Amazingly, a third separate part of the same skull was found just under 20 years later on Saturday 30 July 1955, during investigations by John Wymer at a spot more than 80 feet from the earlier discoveries.

Alvan T. Marston at Barnfield Pit, Swanscombe, 31 July 1955 (From the Wymer Collection)

Alvan T. Marston at Barnfield Pit, Swanscombe, 31 July 1955 (From the Wymer Collection)


Swanscombe Skull

Speculative hunting scene at Swanscombe [Photo: NHM]

Although the skull is often colloquially called "Swanscombe Man", the delicate muscle attachments suggest it was in fact a young woman, despite its thickness. The inside of the skull reveals the shape and size of the brain, which are similar to those of modern humans.

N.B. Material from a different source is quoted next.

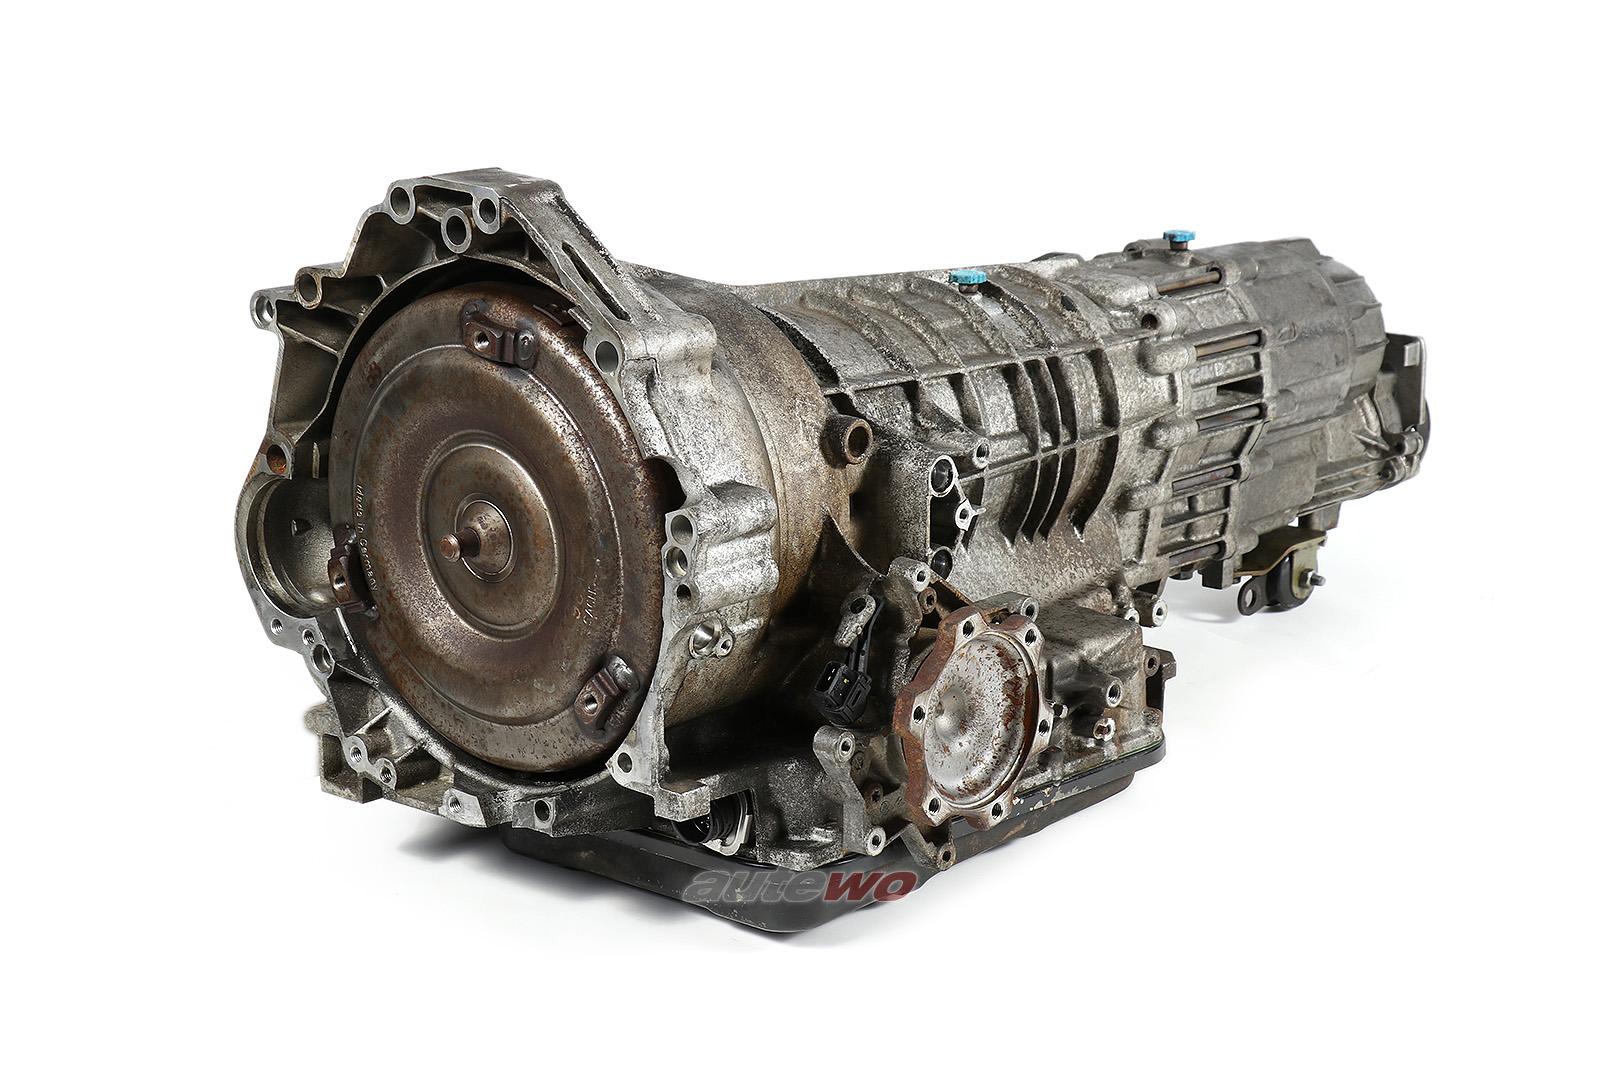 01V300041MX Audi A6 4B 2.5 TDI Quattro-Tiptronic-Getriebe DEW 0119840 137500km

However, the proportions of the skull and a small depression near its base are features shared with the much later Neanderthals; it appears that Swanscombe Woman was both a descendant of Boxgrove Man, and a distant ancestor of the Neanderthals. She came from one of the higher gravel horizons, rich in pointed handaxes.

How she died we do not know. Illness, disease or childbirth are all possibilities; or perhaps she had too close an encounter with one of the lions or bears that roamed the landscape, fighting over the carcass of a deer.